BACKGROUND: Hemodialysis is associated with numerous symptoms and side effects which, in part, maybe due to sub-clinical hypoxia. However, acute cardio-pulmonary and metabolic physiology during hemodialysis is not well defined. Intra-dialytic and inter-dialytic exercise appear to be beneficial and may alleviate these side effects. To better understand these potential benefits, the acute physiological response to exercise should be evaluated. The aim of this study was to compare and characterise the acute physiological response during hemodialysis, intra-dialytic and inter-dialytic exercise.

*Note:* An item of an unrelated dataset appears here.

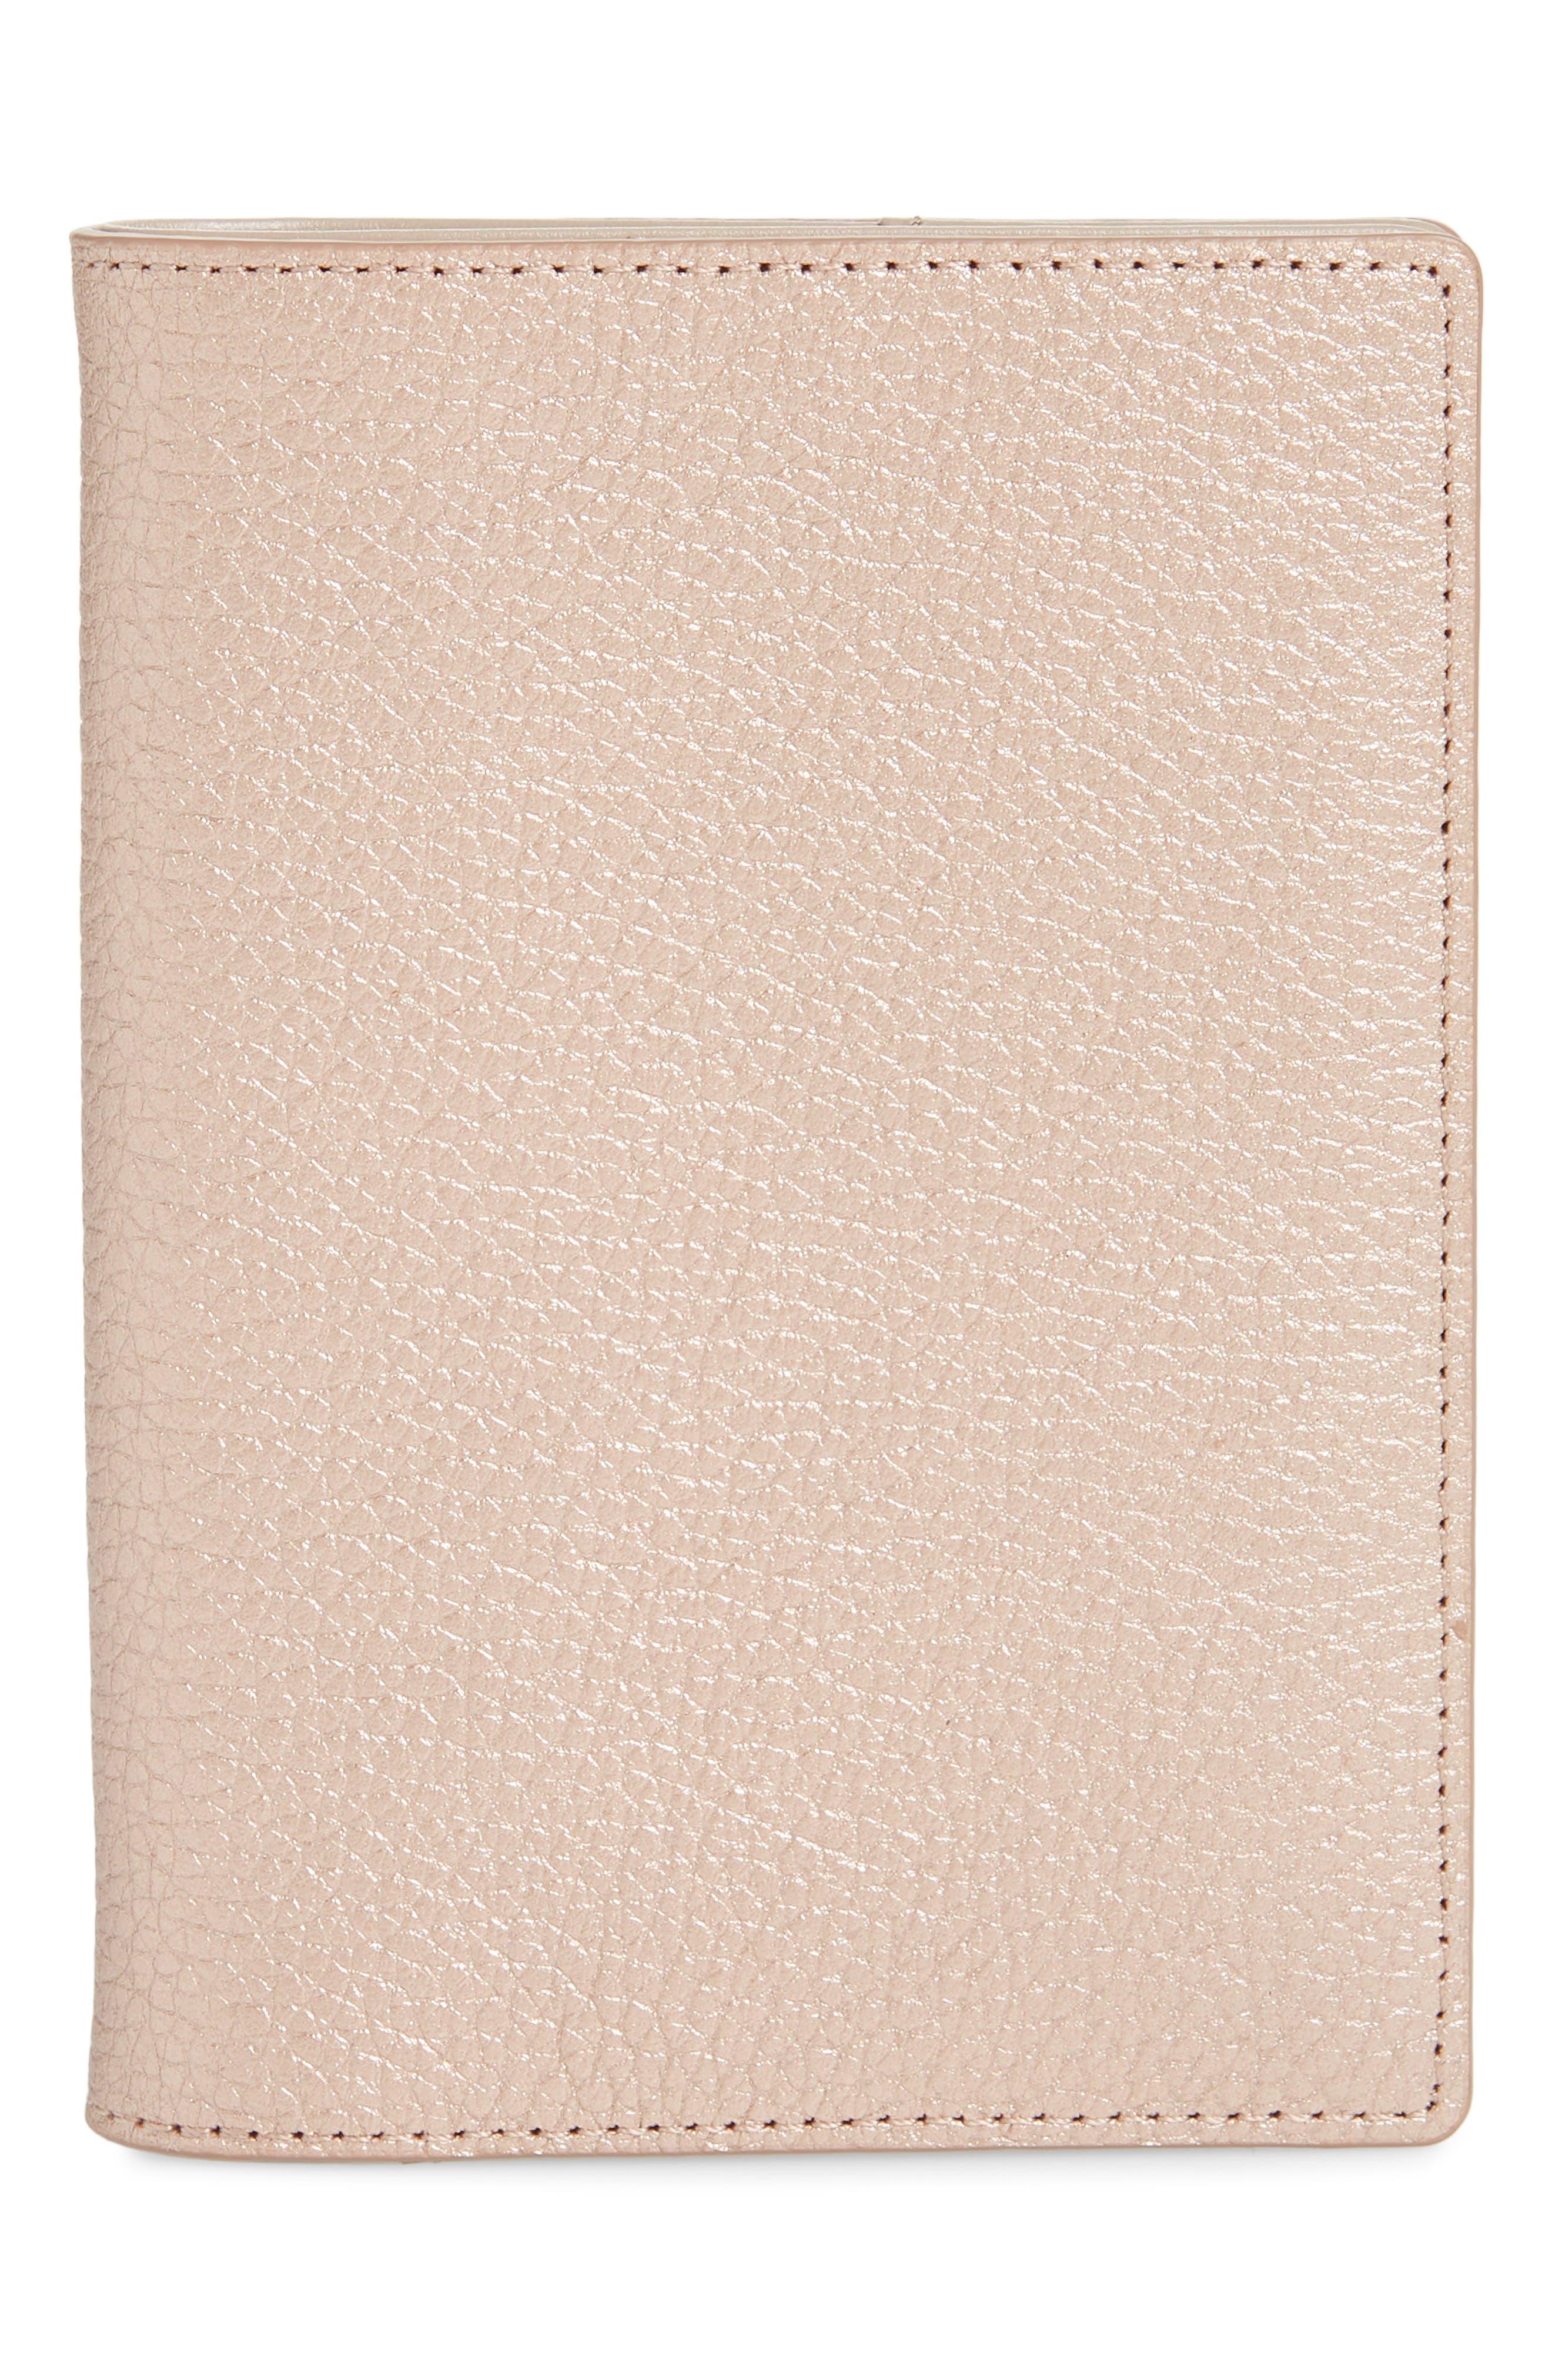 Leather Passport Case,                             Main thumbnail 1, color,                             ROSE GOLD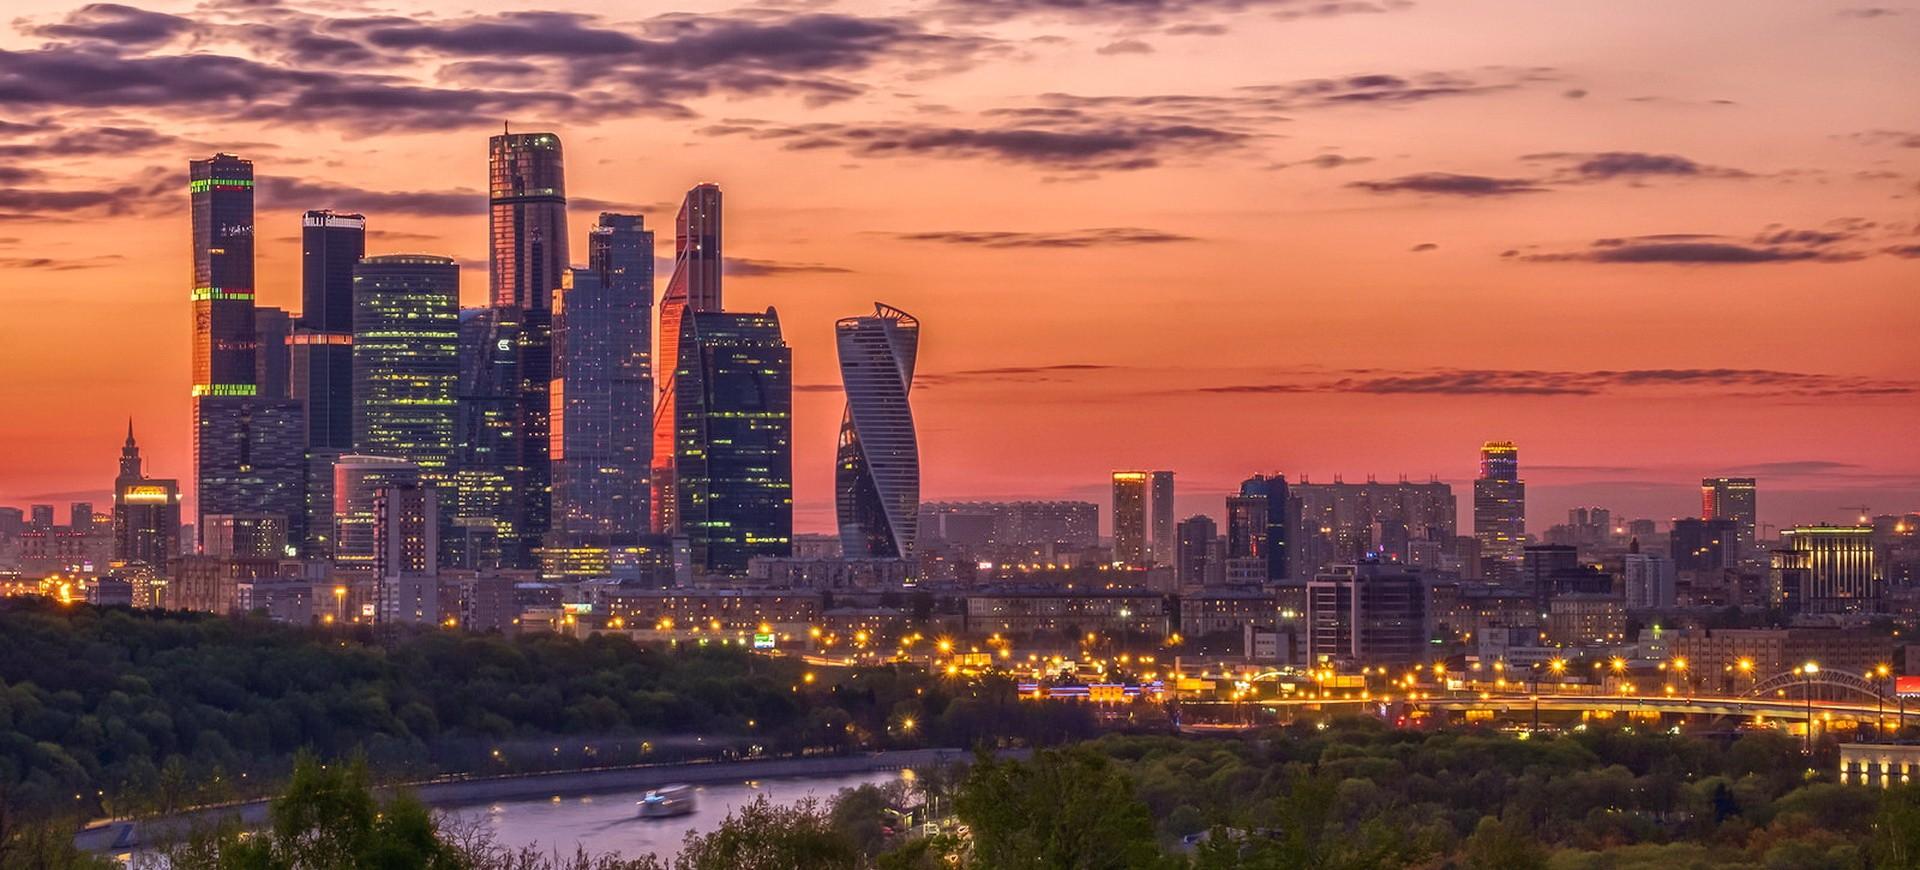 Russie Moscou Skyline

METHODS: Cardiopulmonary physiology was evaluated during three conditions; 1) hemodialysis without exercise (HD), 2) intra-dialytic exercise (IDEx), and 3) inter-dialytic exercise (Ex). Exercise consisted of 30 minutes constant load cycle ergometry at 90% VO2AT. Central hemodynamics (via non-invasive bio-reactance) and ventilatory gas exchange were recorded during each experimental condition.
RESULTS: Twenty participants (59 ± 12 yrs, 16/20 male) completed the protocol. Cardiac output (Δ = -0.7 L/min), O2 uptake (Δ = -1.4 ml.kg-1.min-1) and arterial-venous O2 difference (Δ = -2.0 ml/O2/100ml) decreased significantly during HD. Respiratory exchange ratio exceeded 1.0 throughout HD and IDEx. Minute ventilation was lower (p = 0.001) during IDEx (16.5 ± 1.1 L/min) compared to Ex (19.8 ± 1.0 L/min). Arterial-venous O2 difference was partially restored further to IDEx (4.6 ± 1.9 ml/O2/100ml) compared to HD (3.5 ± 1.2 ml/O2/100ml).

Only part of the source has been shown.